Are you dreading talking with a colleague about an issue you're having with them? When approaching a difficult conversation at work, reframe it in your mind as a discussion that can help improve your relationship with someone, says Michele Coleman Mayes in this episode of our special podcast series.
“You need to go in, again, with this mindset of ‘This is something that I’m doing because I want to improve a situation,’” Mayes tells the ABA Journal’s Stephanie Francis Ward. “And likewise, be open-minded. Don’t go in assuming you know the answer or what the person is going to say to you.”
Mayes is the vice president and general counsel at the New York Public Library and a former chair of the ABA Commission on Women in the Profession. In her work on the commission’s Grit Project, Mayes studied the science behind the grit-and-growth mindset, and encourages lawyers to use those skills to handle interpersonal disputes.
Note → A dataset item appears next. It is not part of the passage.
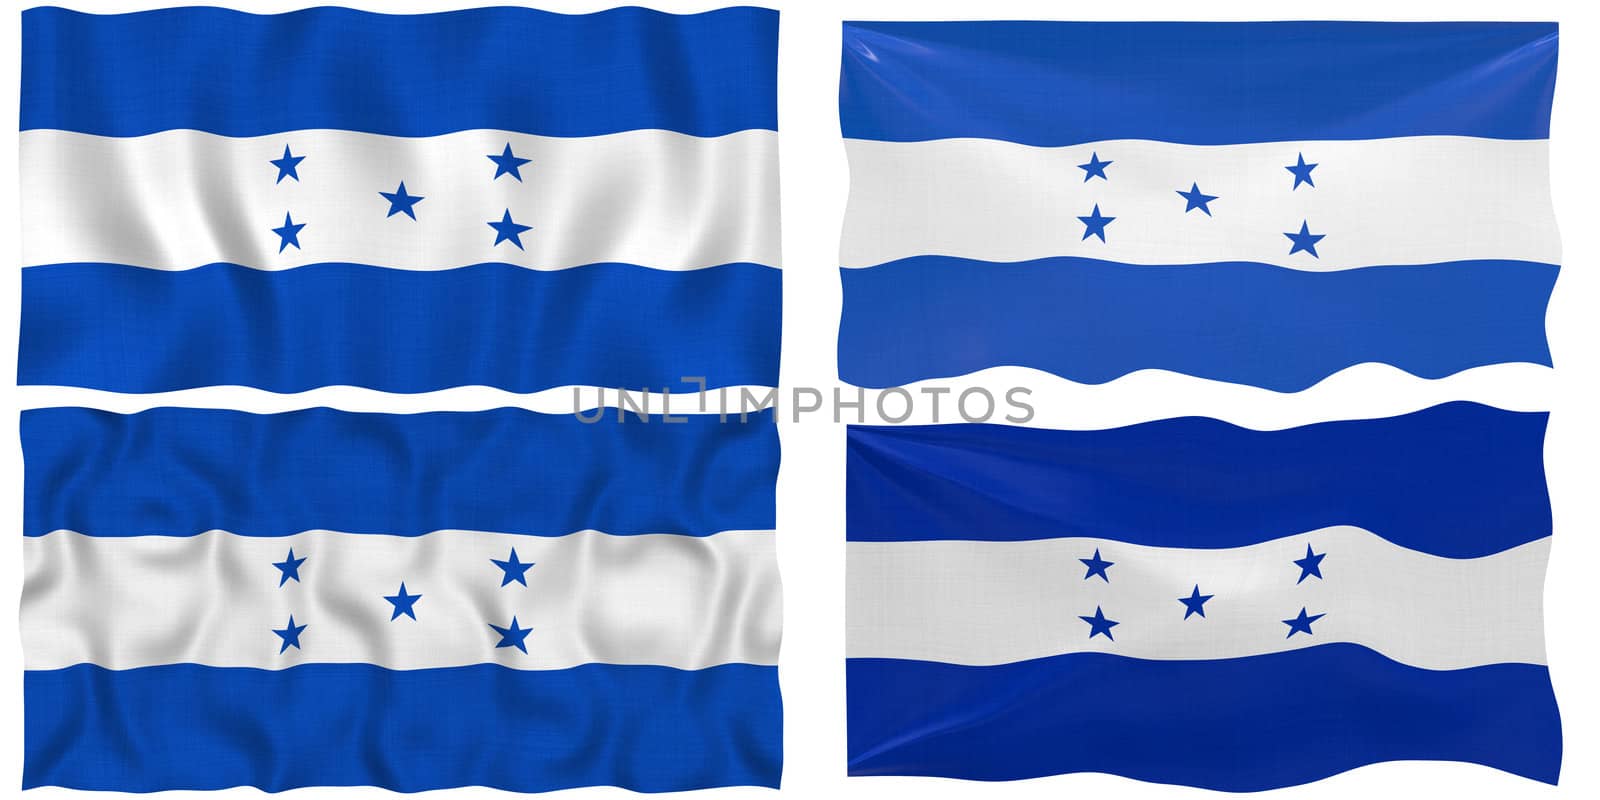 Flag of Honduras by clearviewstock

“Simply keeping your head down and accepting your fate is not what we’re advocating,” she says. “Indeed, you owe it to yourself—and potentially your career—to figure out what’s really going on here.”
“You have to work harder to listen to someone you’d rather not hear talk,” added Mayes. You also may need to have multiple difficult conversations for a situation to improve, she says. But as you repeatedly speak with the person, you can learn what sort of communication works best.